:: WHAT THE TASK ASKS ::
Please retype the records below exactly, leaving out any pictures.
::: SOURCE RECORDS
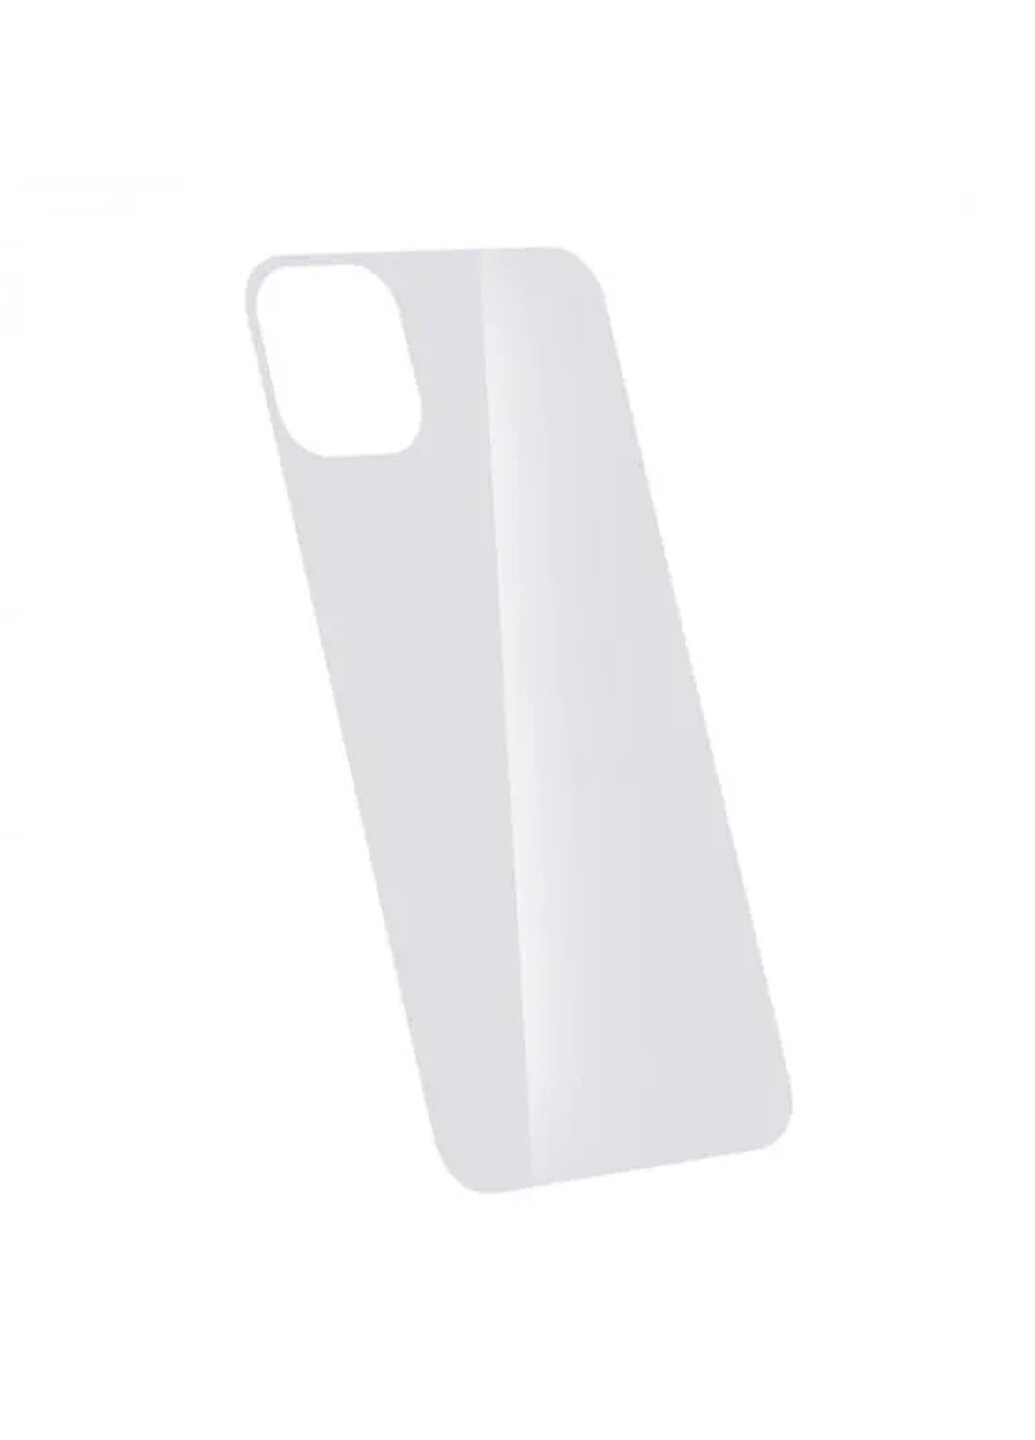 Стекло защитное на заднюю панель цветное глянцевое для iPhone 11 Pro Max White CAA (220513905)
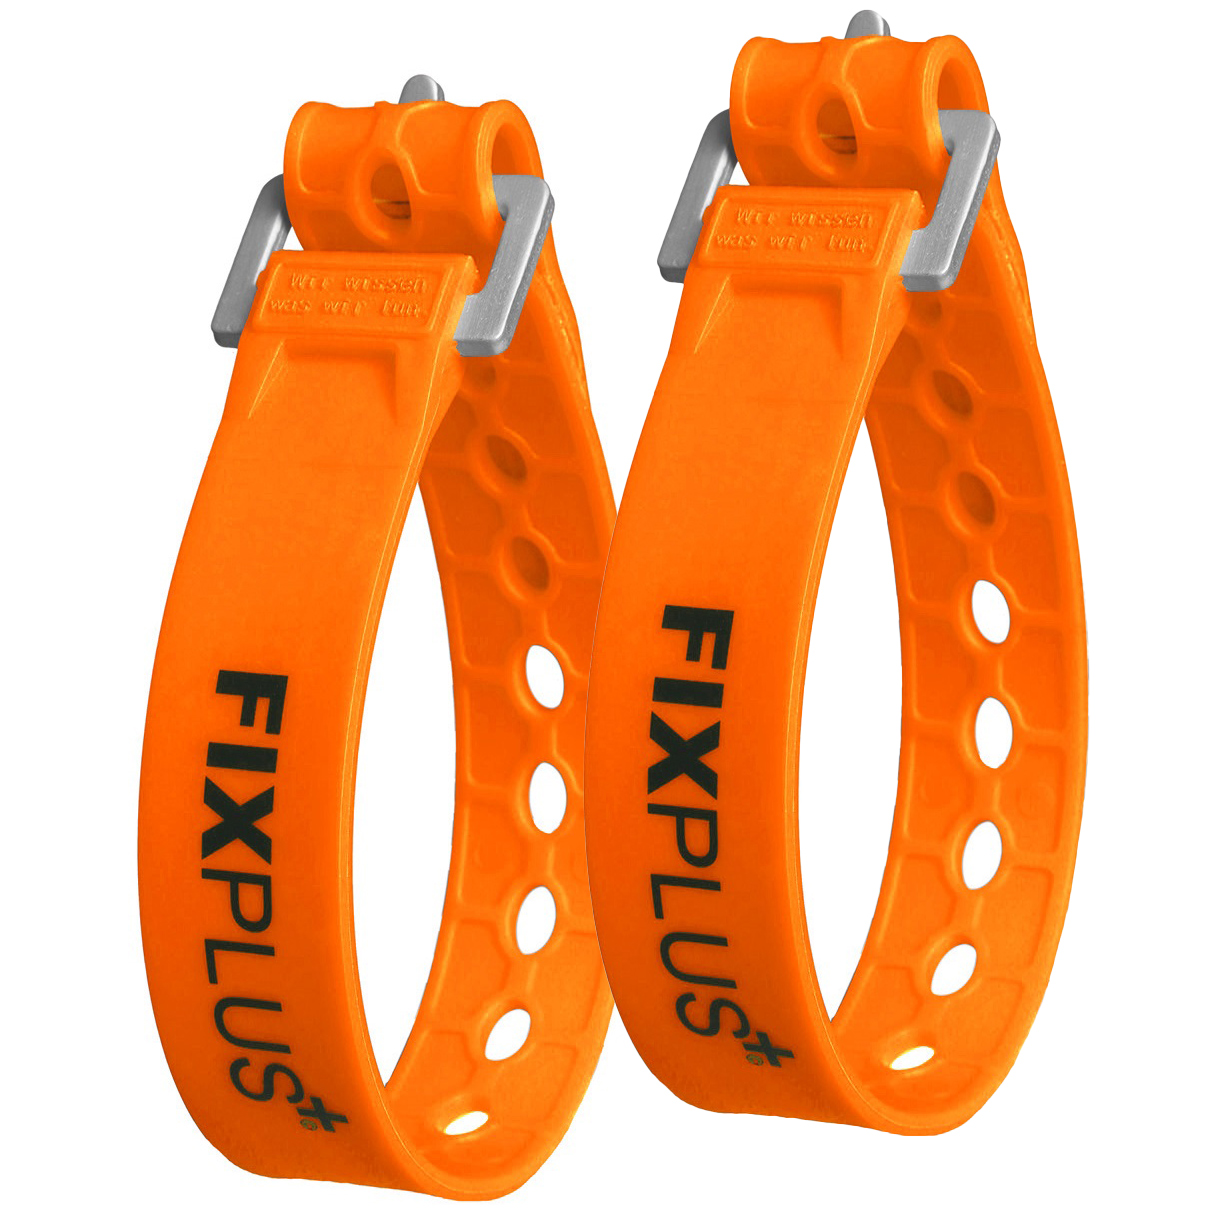 Productfoto van FixPlus Strap 23cm - 2 pcs - orange
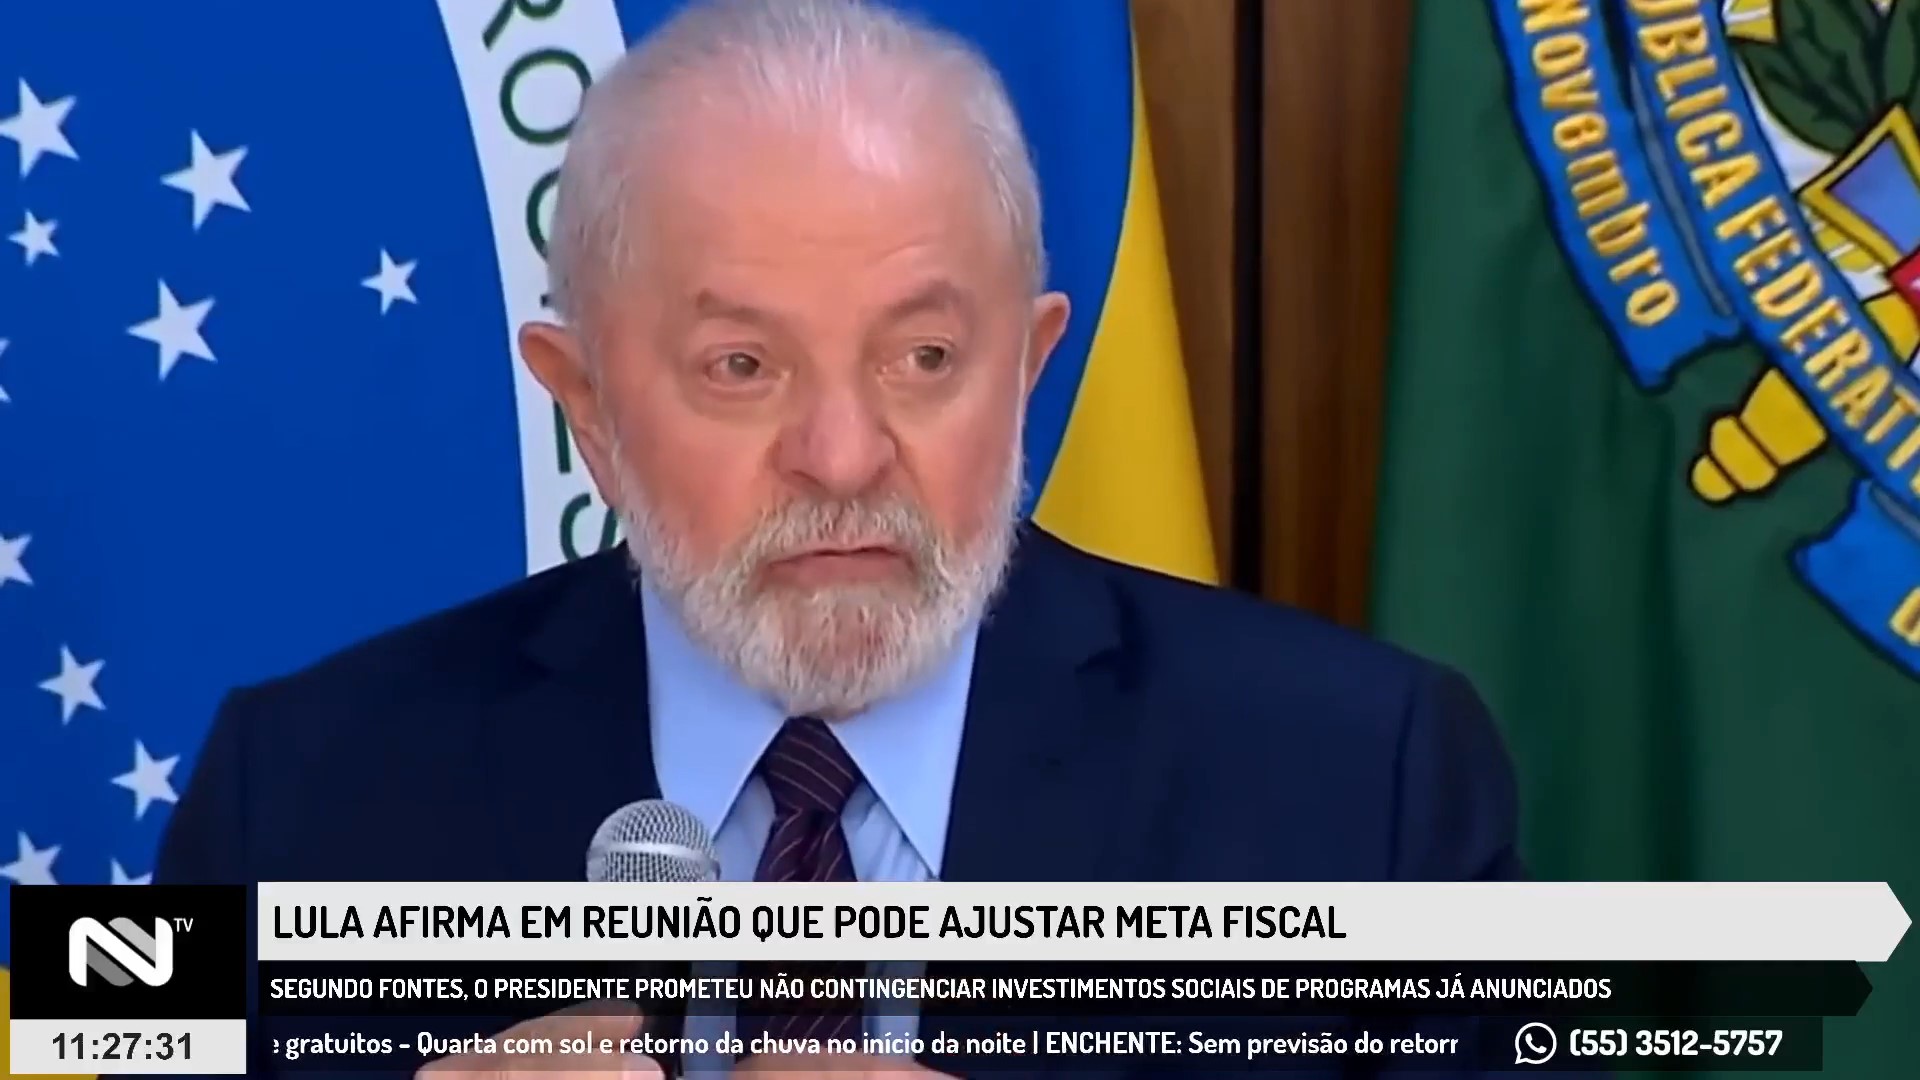 Lula afirma em reunião que pode ajustar meta fiscal
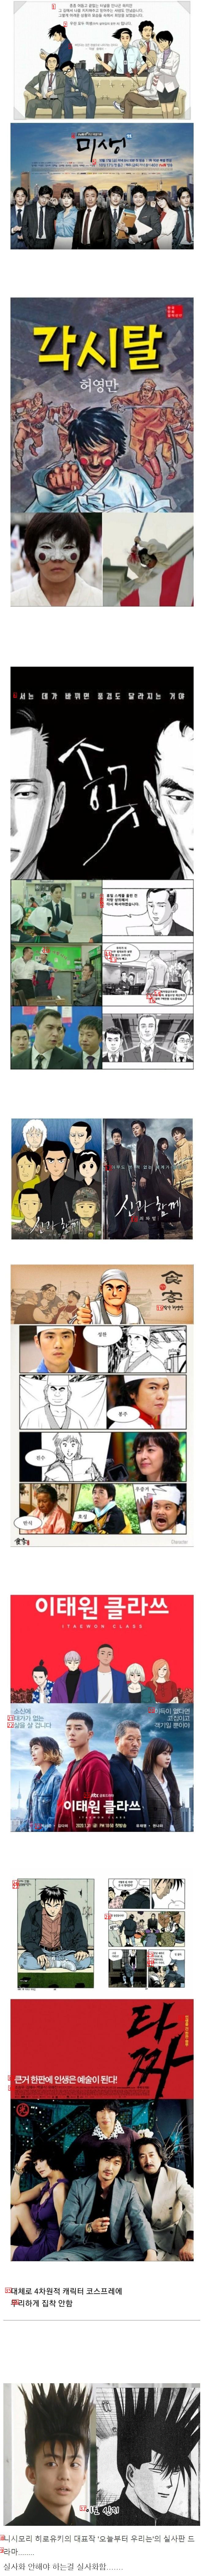 韓国漫画の実写化が成功した理由
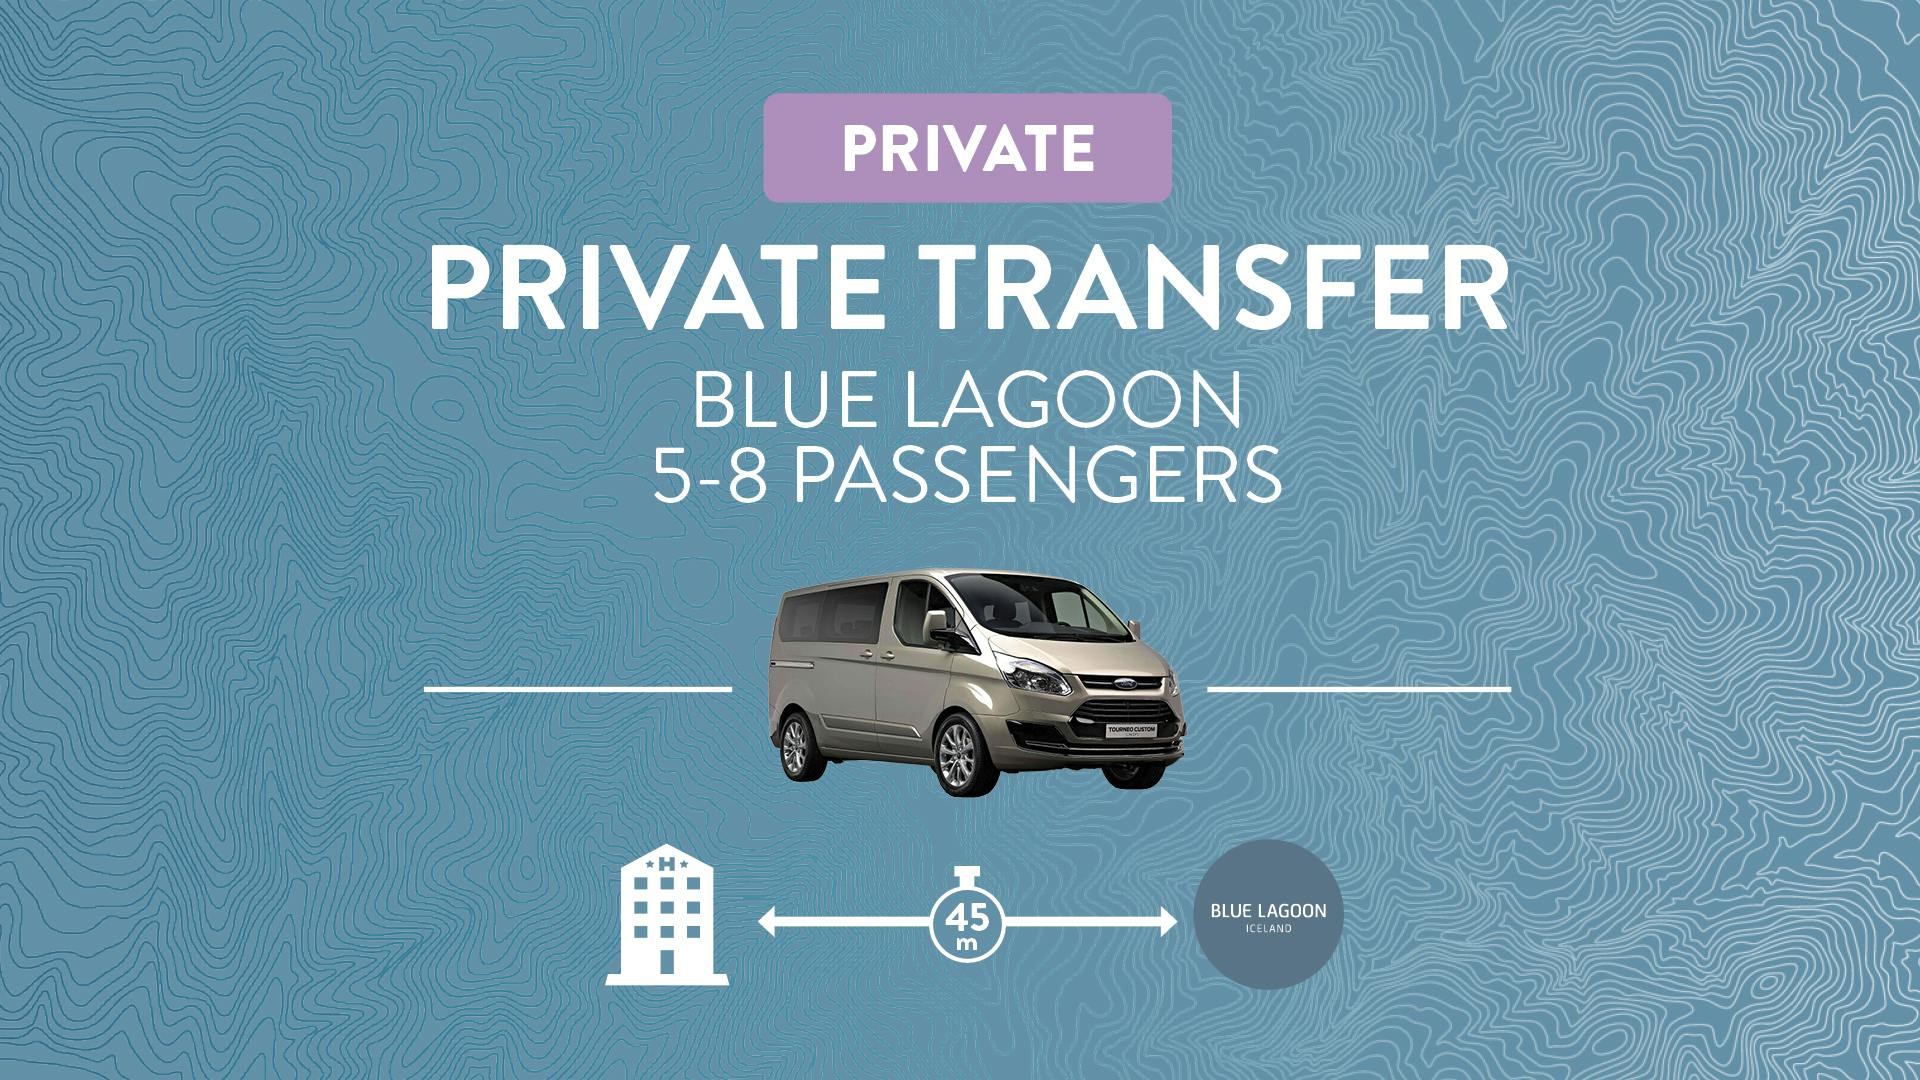 Blue Lagoon private transfer 5-8 person
::::::
:: SOLUTION ::
 Стекло защитное на заднюю панель цветное глянцевое для iPhone 11 Pro Max White CAA (220513905)
 Productfoto van FixPlus Strap 23cm - 2 pcs - orange
 Lula afirma em reunião que pode ajustar meta fiscal
 韓国漫画の実写化が成功した理由
 Blue Lagoon private transfer 5-8 person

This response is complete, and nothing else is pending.